- _PROBLEM REQUIREMENTS_
Write out again the entries from the first line to the line that includes "韩国污漫画 現上教學 第18话放荡淫叫的夏妮 29", keeping both of those lines.

- _GIVEN DATA_
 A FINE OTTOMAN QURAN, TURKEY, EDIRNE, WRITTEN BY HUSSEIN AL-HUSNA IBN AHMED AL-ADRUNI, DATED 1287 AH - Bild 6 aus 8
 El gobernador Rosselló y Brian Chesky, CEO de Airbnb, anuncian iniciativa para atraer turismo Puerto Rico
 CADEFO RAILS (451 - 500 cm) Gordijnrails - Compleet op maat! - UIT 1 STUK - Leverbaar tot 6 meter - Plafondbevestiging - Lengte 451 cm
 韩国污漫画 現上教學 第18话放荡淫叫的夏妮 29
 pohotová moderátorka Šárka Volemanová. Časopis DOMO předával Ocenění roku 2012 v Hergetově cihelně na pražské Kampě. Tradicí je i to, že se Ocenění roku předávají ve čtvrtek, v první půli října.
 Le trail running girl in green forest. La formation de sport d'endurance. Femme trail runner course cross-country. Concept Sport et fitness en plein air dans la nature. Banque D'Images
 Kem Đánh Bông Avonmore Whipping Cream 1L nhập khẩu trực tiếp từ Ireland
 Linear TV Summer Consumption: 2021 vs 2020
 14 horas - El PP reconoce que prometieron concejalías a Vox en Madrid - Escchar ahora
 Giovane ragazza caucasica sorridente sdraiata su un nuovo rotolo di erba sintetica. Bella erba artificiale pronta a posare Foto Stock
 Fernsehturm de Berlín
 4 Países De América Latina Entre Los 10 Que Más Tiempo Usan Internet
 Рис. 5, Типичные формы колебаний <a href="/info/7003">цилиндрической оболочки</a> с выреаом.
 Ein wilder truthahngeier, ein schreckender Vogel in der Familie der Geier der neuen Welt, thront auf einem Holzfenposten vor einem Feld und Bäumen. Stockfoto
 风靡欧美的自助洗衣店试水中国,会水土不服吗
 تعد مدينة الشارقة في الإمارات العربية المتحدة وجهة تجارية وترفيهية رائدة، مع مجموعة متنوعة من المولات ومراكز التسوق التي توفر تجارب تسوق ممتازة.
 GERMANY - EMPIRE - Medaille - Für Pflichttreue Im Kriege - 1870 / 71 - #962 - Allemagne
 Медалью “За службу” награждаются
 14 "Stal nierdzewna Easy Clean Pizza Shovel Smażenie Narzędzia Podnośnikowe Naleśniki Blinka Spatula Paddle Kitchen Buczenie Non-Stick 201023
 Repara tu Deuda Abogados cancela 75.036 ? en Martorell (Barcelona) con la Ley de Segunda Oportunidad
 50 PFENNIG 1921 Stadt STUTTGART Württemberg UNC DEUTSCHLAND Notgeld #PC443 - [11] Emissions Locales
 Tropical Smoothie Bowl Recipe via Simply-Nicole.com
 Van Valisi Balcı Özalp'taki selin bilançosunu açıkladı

- _WRITTEN SOLUTION_
 A FINE OTTOMAN QURAN, TURKEY, EDIRNE, WRITTEN BY HUSSEIN AL-HUSNA IBN AHMED AL-ADRUNI, DATED 1287 AH - Bild 6 aus 8
 El gobernador Rosselló y Brian Chesky, CEO de Airbnb, anuncian iniciativa para atraer turismo Puerto Rico
 CADEFO RAILS (451 - 500 cm) Gordijnrails - Compleet op maat! - UIT 1 STUK - Leverbaar tot 6 meter - Plafondbevestiging - Lengte 451 cm
 韩国污漫画 現上教學 第18话放荡淫叫的夏妮 29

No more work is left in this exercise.